1.1- Pragmatic Diagnostics aims at becoming a major technology transfer player and R&D-partner for the international IVD industry.
1.2- It is the policy of Pragmatic Diagnostics to provide customers with design and development services that meet or exceed the agreed requirements, adding value to their R&D investment.
1.3- We are fully committed to always comply with ISO 13485:2016 quality requirements and, when agreed with the customer, the following regulations: Regulation (EU) 2017/746 / EU In Vitro Diagnostic Medical Device Directive 98/79/EC and the USA 21 CFR Subchapter H – Medical Devices for our products under development and services. With that in mind, we will prepare the appropriate documentation to ensure transfer from development to production and to facilitate regulatory submissions compliant with the aforementioned regulations.
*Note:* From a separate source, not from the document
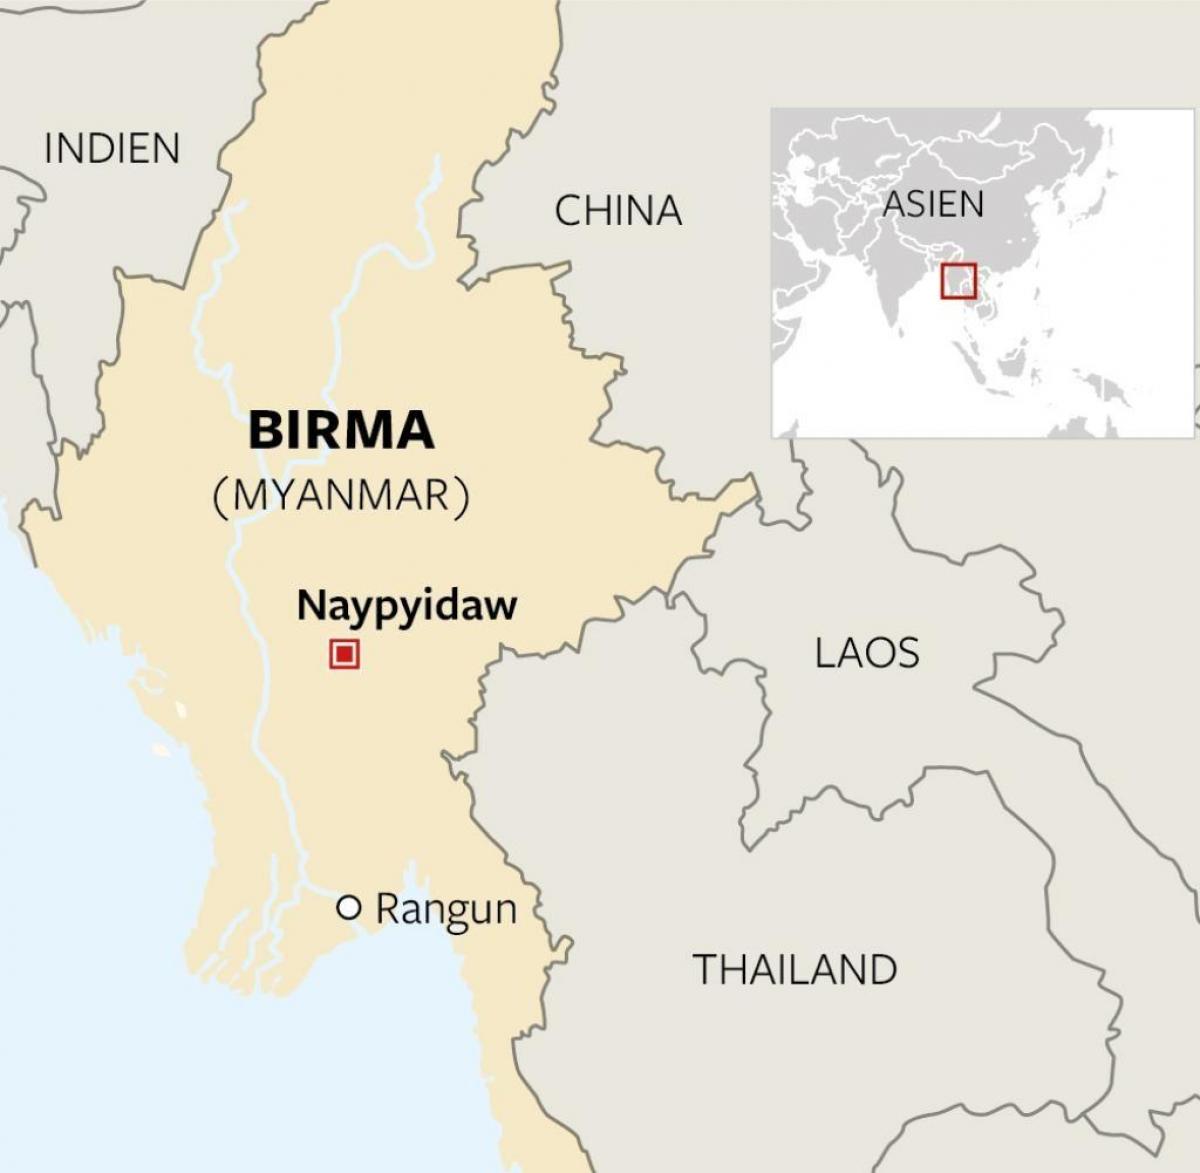 localizar Birmania no mapa do mundo

1.4- In Pragmatic Diagnostics, we are also committed to maintain the effectiveness of our Quality Management System. In addition, we strongly believe that the continuous improvement of our Quality Management System is the tool to achieve our purposes. For that reason, we use risk-based approaches in our Quality Management System, and our procedures are constantly reviewed and updated.
1.5- We do believe that Quality affects the entire organisation at all levels. Not only is the staff trained in the job position duties, but also in our Quality System and encouraged to participate in its improvement.